▸ Dataset section
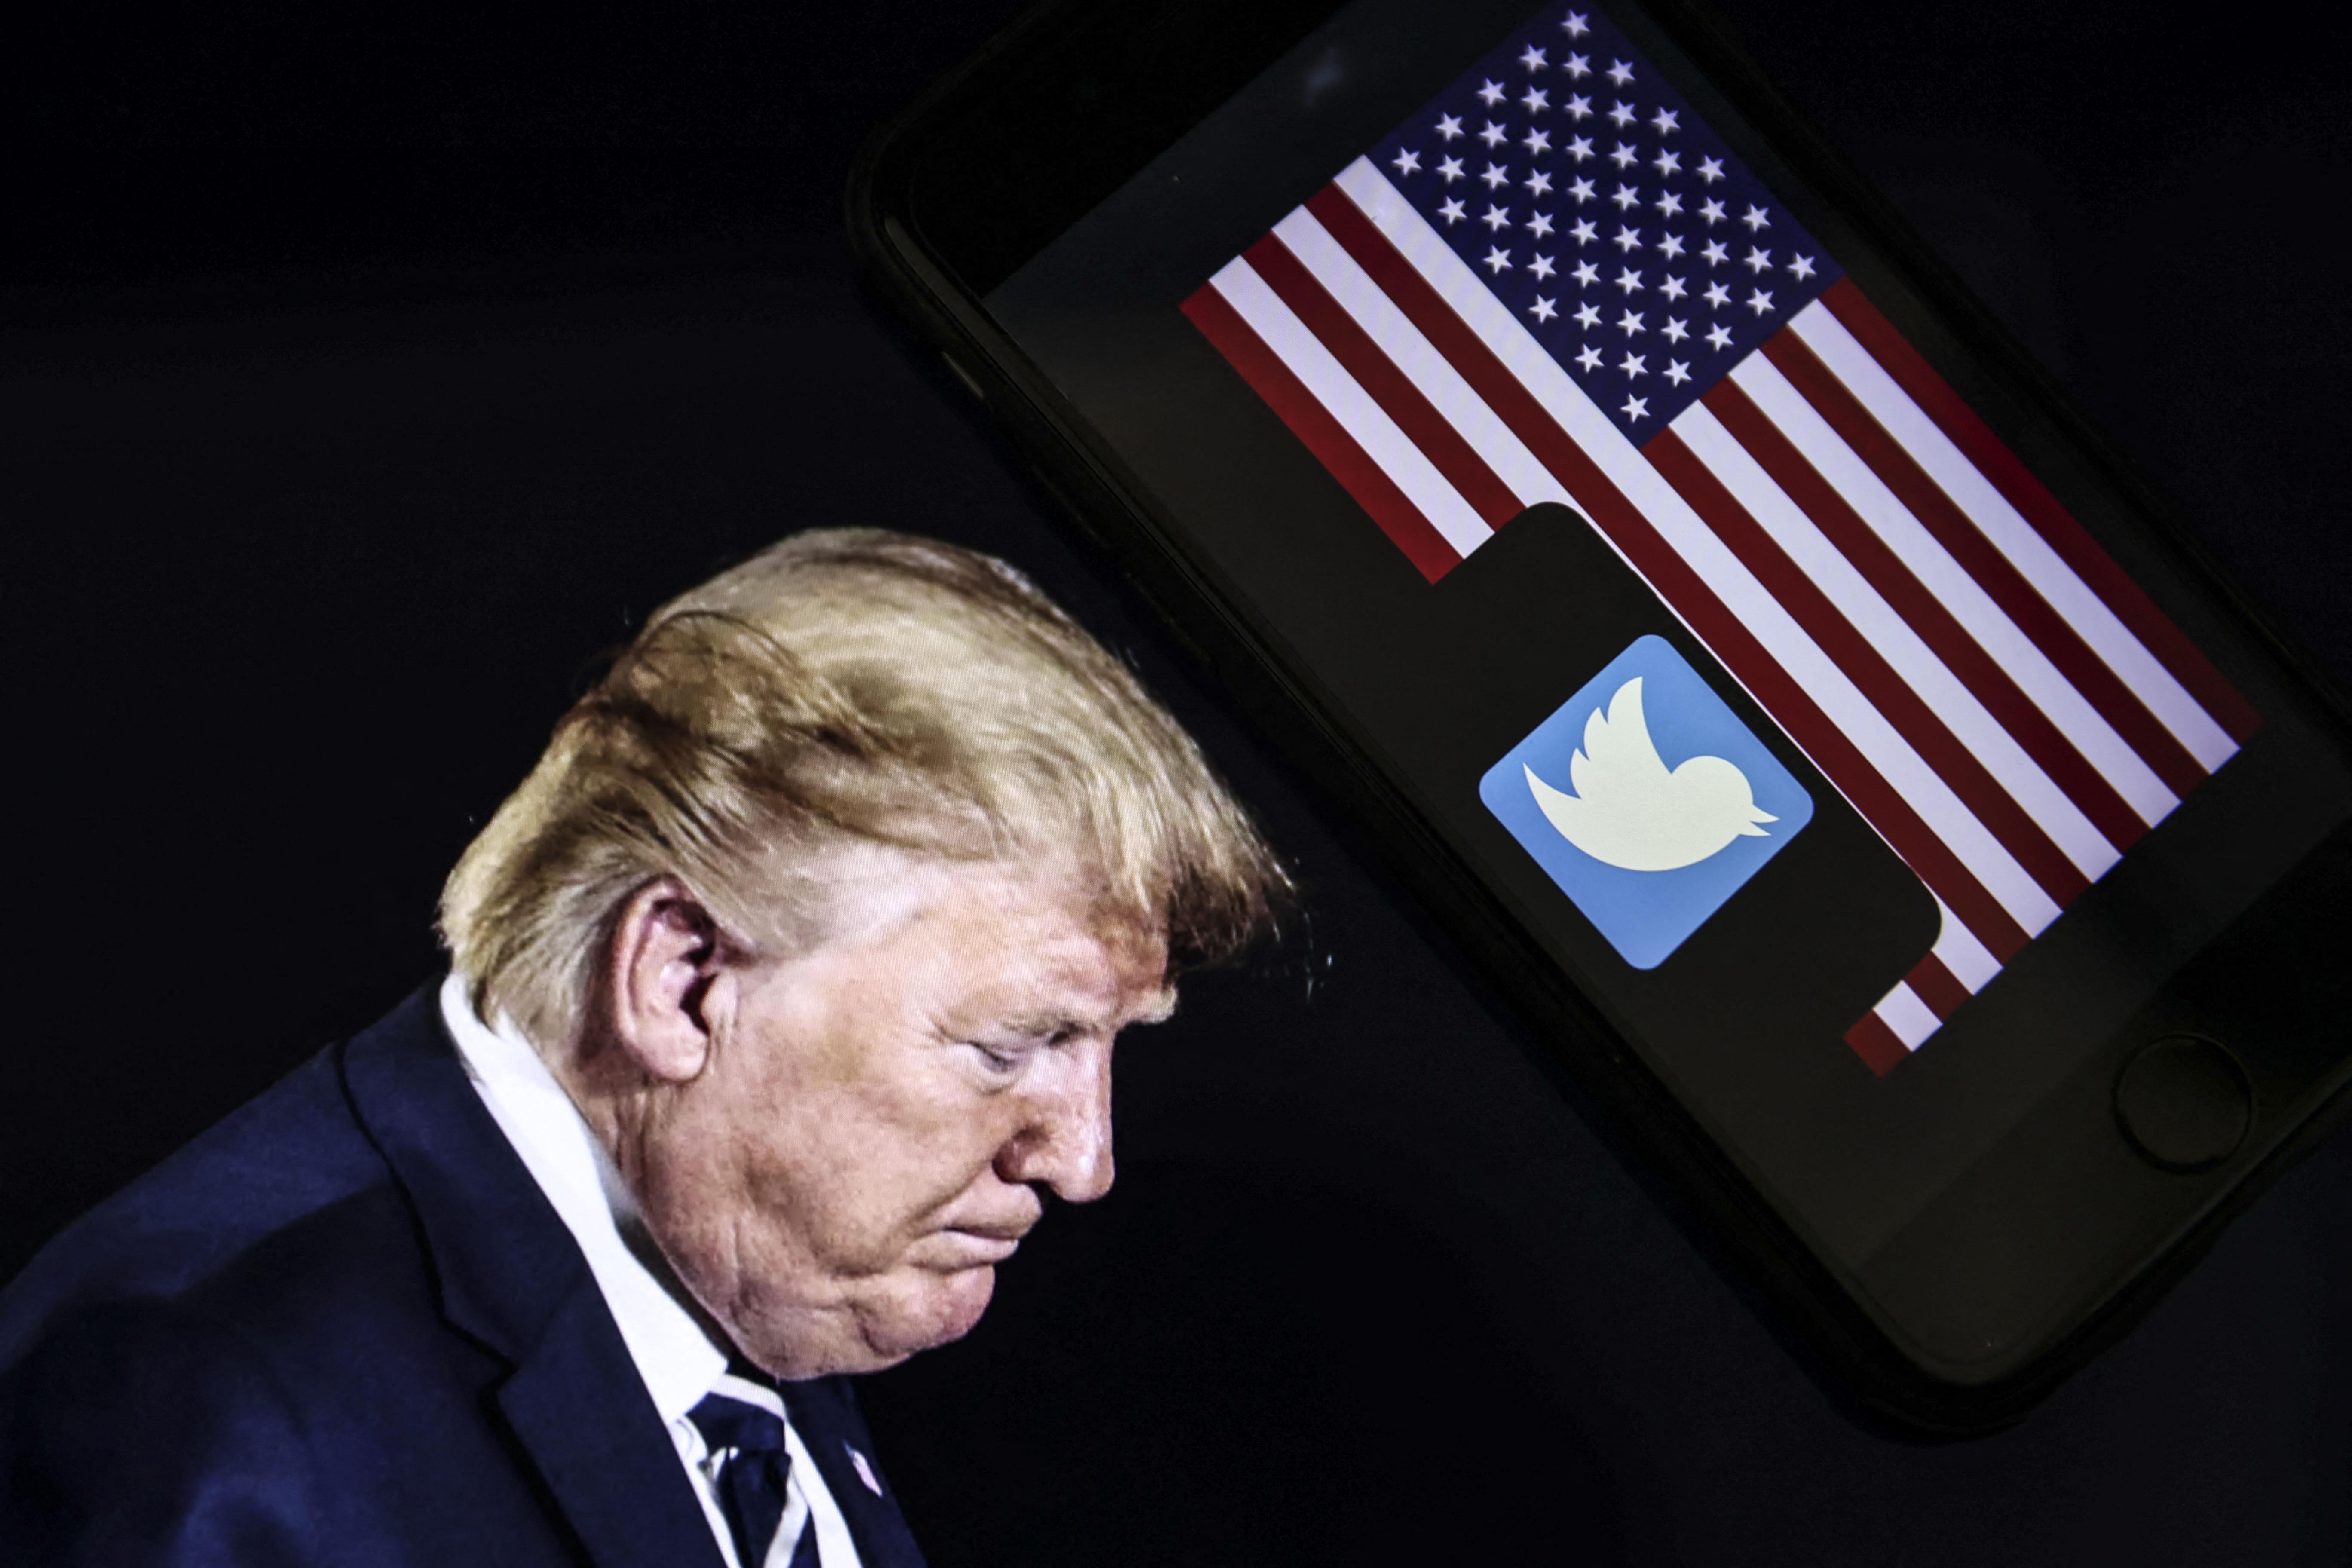 Trump saját közösségi oldallal térne vissza
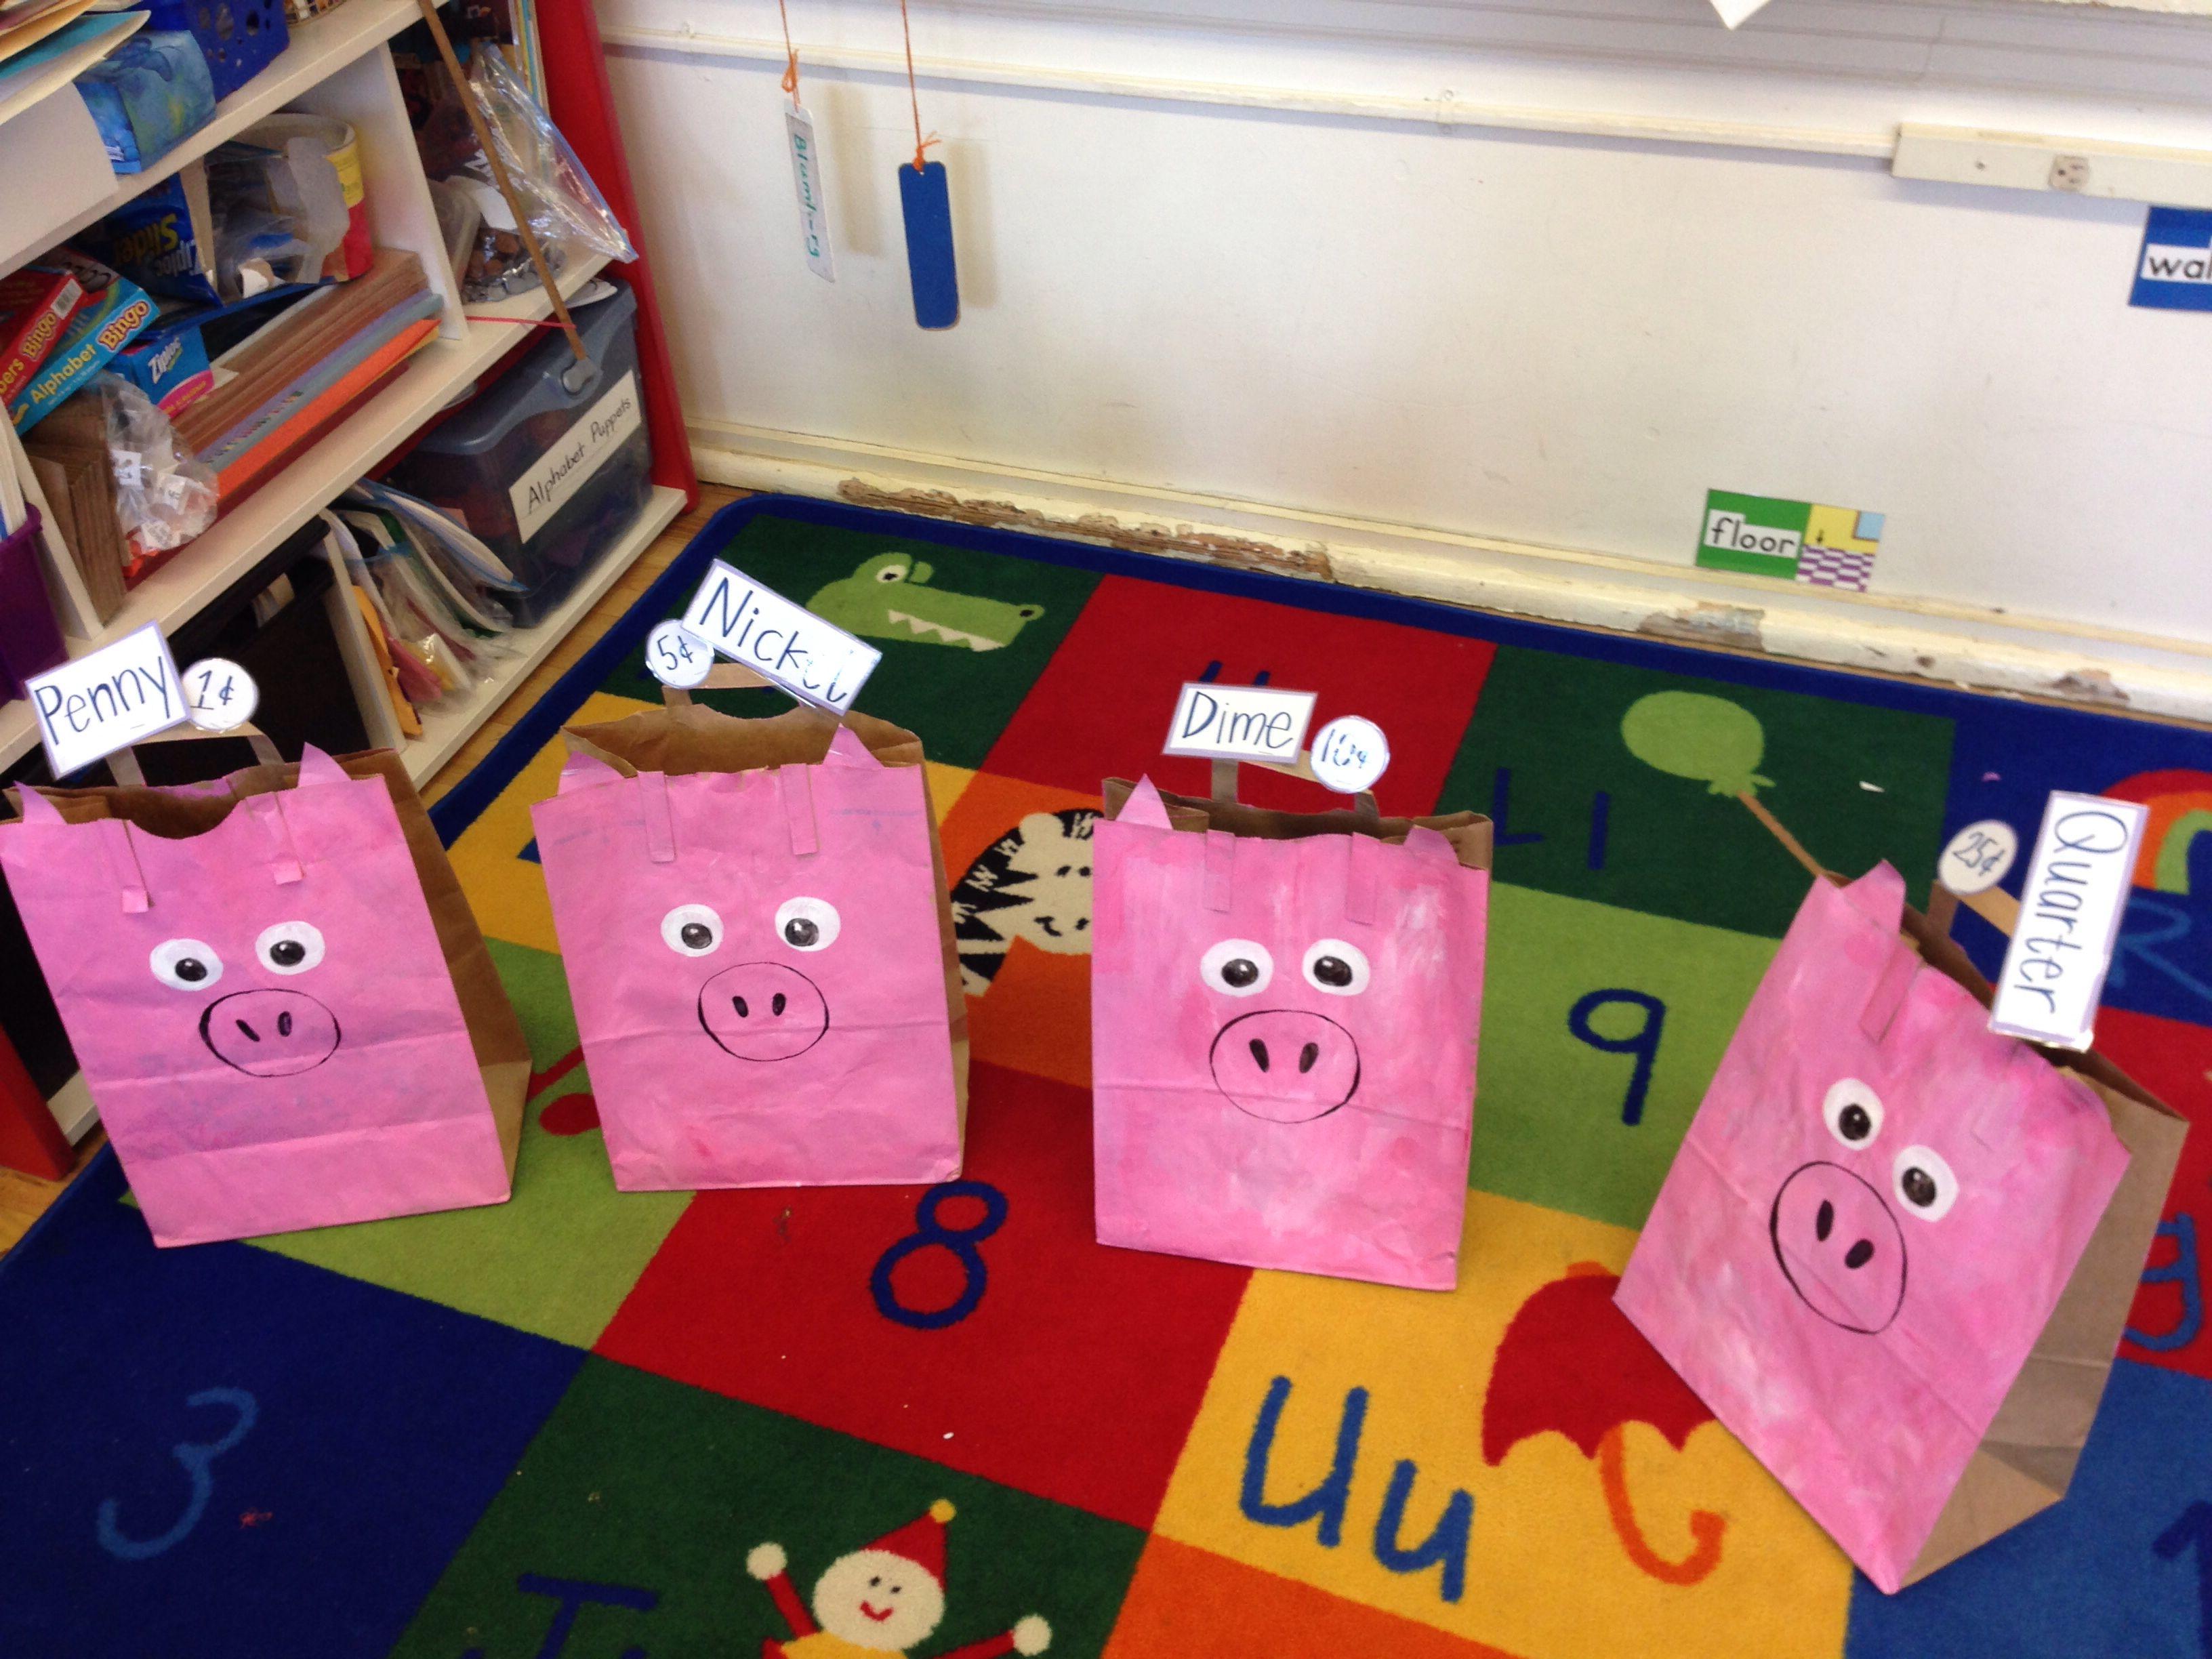 Piggy Bank Sorting Activity For Kindergarteners Sort
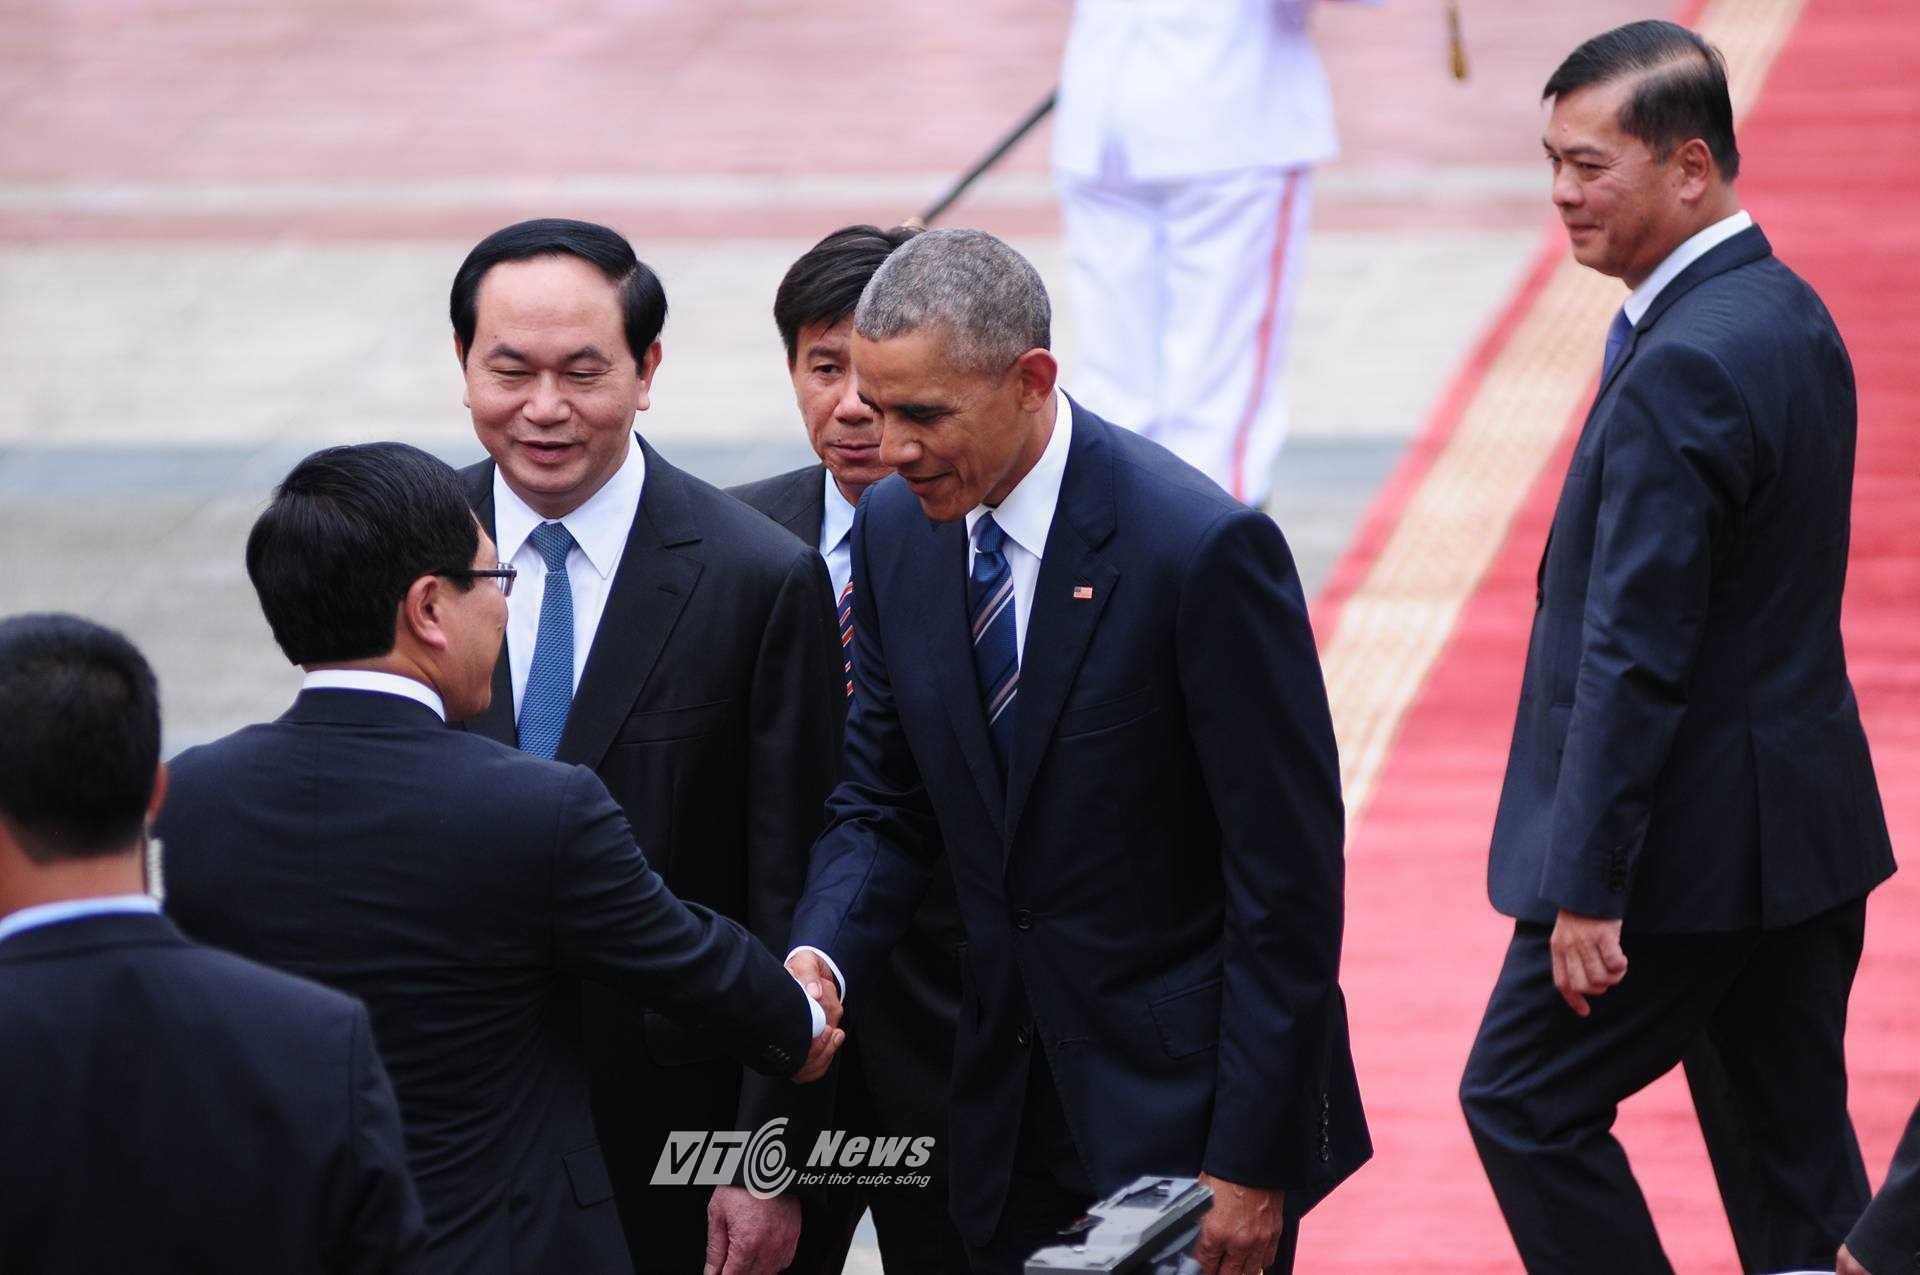 Các vị lãnh đạo cấp cao tiếp đón ông Obama (Ảnh: Tùng Đinh)

▸ Task prompt
An exact transcription is requested of each line from the one that holds "Piggy Bank Sorting" to the end of the listing above, both boundary lines included; pictures are to be omitted.

▸ Result of this task
 Piggy Bank Sorting Activity For Kindergarteners Sort
 Các vị lãnh đạo cấp cao tiếp đón ông Obama (Ảnh: Tùng Đinh)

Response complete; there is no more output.